(Jan 14): Trade frictions across the European Union are more onerous than the highest tariff US President Donald Trump threatened to slap on the bloc last year, according to research by the European Central Bank (ECB).
Barriers such as differences in national rules and regulations, cumbersome administrative procedures and anti-competition practices are responsible for intra-EU trade costs equivalent to levies of 67% for goods and 95% for services, economists including Lucia Quaglietti and Vanessa Gunnella wrote in an article published Wednesday.
Before a trade agreement with the US clinched last summer, Trump had considered charging 50% on all shipments from the EU.
The analysis adds to the ECB’s case in pushing European governments to deliver reforms that would strengthen the bloc’s single market of 450 million people and 26 million businesses. President Christine Lagarde regularly stresses that unlocking its full potential is crucial for the economy to thrive.
“The single market delivers broad economic and strategic benefits” and “stands as Europe’s first line of defence in the face of a rapidly evolving geopolitical landscape”, the ECB economists wrote. Overcoming its limitations “is essential for further strengthening the EU’s resilience, fostering competitiveness, enhancing defence capabilities and safeguarding economic stability”.
In their article, the authors recognise that it’s not feasible — or even desirable — to eliminate all of the barriers they identified, especially if they relate to preferences, home bias or limited tradability.

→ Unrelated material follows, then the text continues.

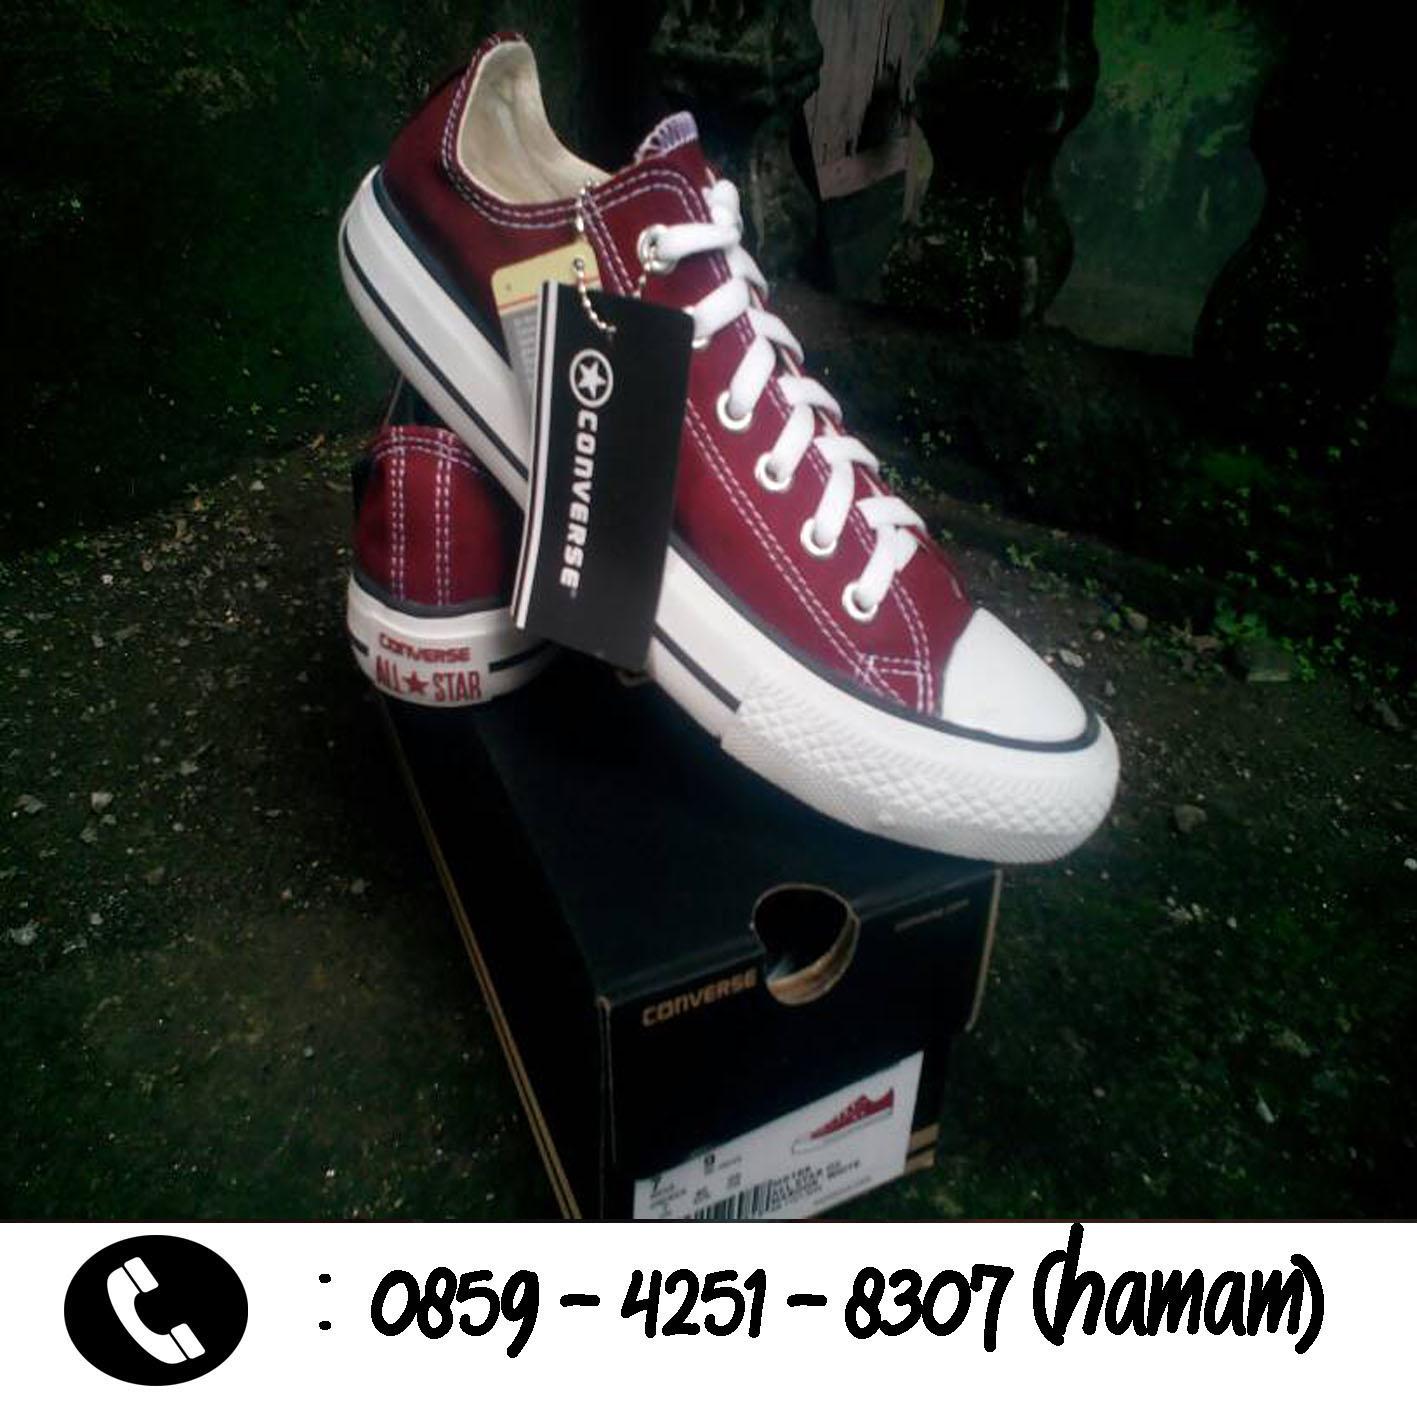 Jual Sepatu Converse All Star Indonesia Murah - Jual Sepatu Converse ... b2b1daef5f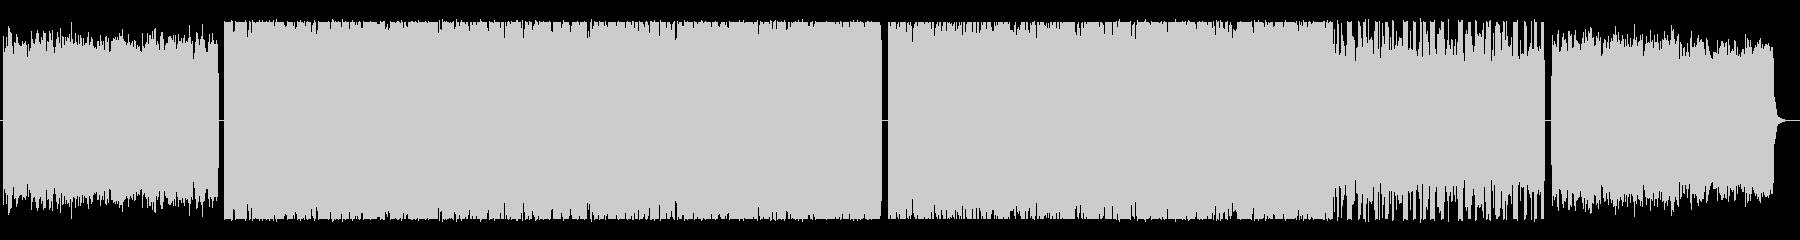 ダウナーピアノのCHILL系HIPHOPの未再生の波形

But matching the standards of the Netherlands — a country that has achieved relatively high integration — would already make a big difference. In such a scenario, intra-EU trade frictions could be lowered by about eight percentage points for goods and nine percentage points for services, raising cross-border commerce and welfare in turn, according to the report.
Even more modest progress would be meaningful. The economists argue that a reduction of just 2% in goods and services barriers within the single market could fully compensate for the projected impact of higher US tariffs on output in the long run.
“The estimates highlight the potential to take advantage of the vast size of the EU internal market,” Quaglietti and colleagues wrote. “In the current geopolitical context, enhancing EU integration is especially important to mitigate the adverse effects of external trade tensions.”
Pressure on the bloc is unlikely to cease, not least since Trump’s threat this week to impose an extra 25% on any country doing business with Iran. That could affect the EU, which imported goods worth about €660 million (US$769 million or RM3.12 billion) from the Islamic Republic between January and October last year.
Along with Quaglietti and Gunnella, the other authors of the report were Roberto Bernasconi, Naïm Cordemans and Giacomo Pongetti.